Low-molecular-weight heparins (LMWH) represent the standard medication for the prophylaxis and treatment of thrombotic events within the scope of pregnancy and the postpartum period [9], [32], [36], [38], [53], [54], [55], [56], [57], [58], [59], [60], [61] and have by now largely replaced the unfractionated heparins (UFH) formerly used. In comparison to UFH, LMWHs are characterised in particular by the more favourable adverse effect profile (better tolerability, low risk for heparin-induced thrombocytopaenia [HIT]) with at least comparable efficacy. An overview of the currently available heparins and the pentasaccharide fondaparinux is shown in [Table 3].

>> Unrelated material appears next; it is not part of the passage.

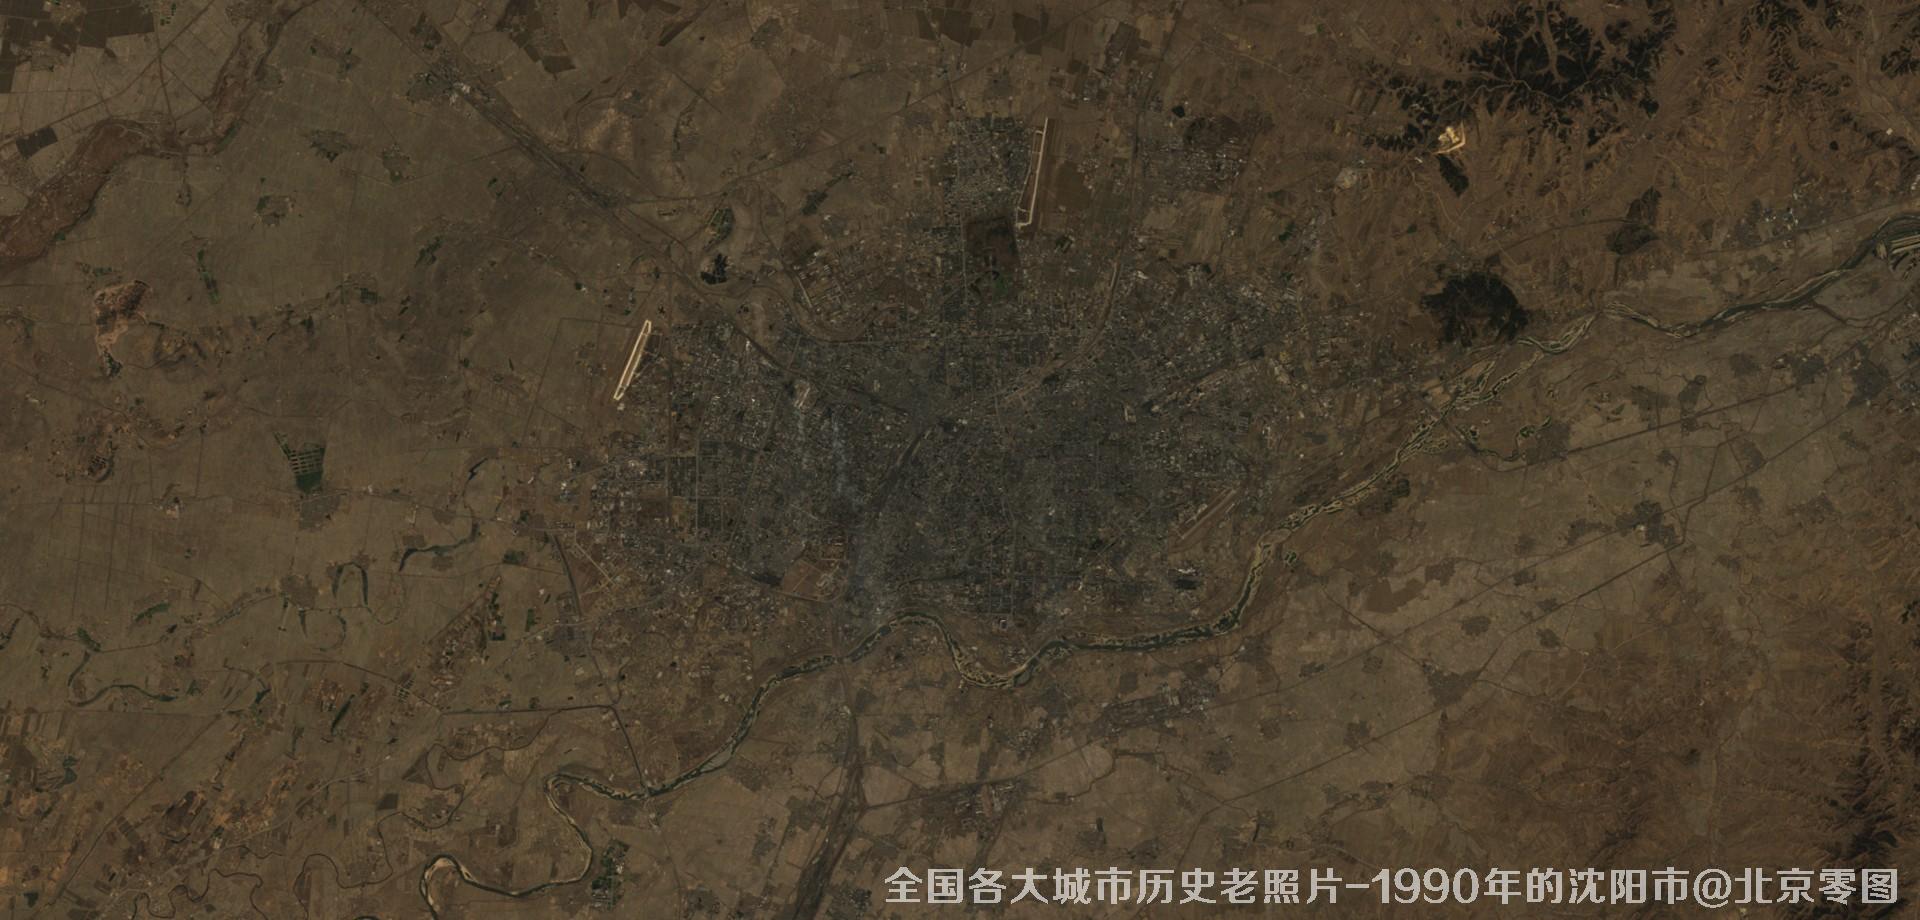 美国Landsat卫星拍摄的1990年的辽宁省沈阳市历史卫星影像图

For the primary and secondary prophylaxis of VTE, LMWHs are used during pregnancy generally at a dosage adapted to the high-risk prophylaxis. Various LMWHs which are available as a pre-filled syringe for self-application by the patients are available for this. Recently, tinzaparin received German approval for high-risk prophylaxis at a dosage of 4,500 IU/d and is now also available as a pre-filled syringe for VTE prophylaxis in pregnancy; according to the summary of product characteristics, there are data in more than 2,000 cases available on the use of tinzaparin in pregnancy.

LMWHs at a therapeutic dosage are used for the treatment of thrombotic events in pregnancy. In this connection, therapeutic anticoagulation with a once-daily heparin application is possible with tinzaparin, while other LMWHs must be applied twice daily in therapeutic use.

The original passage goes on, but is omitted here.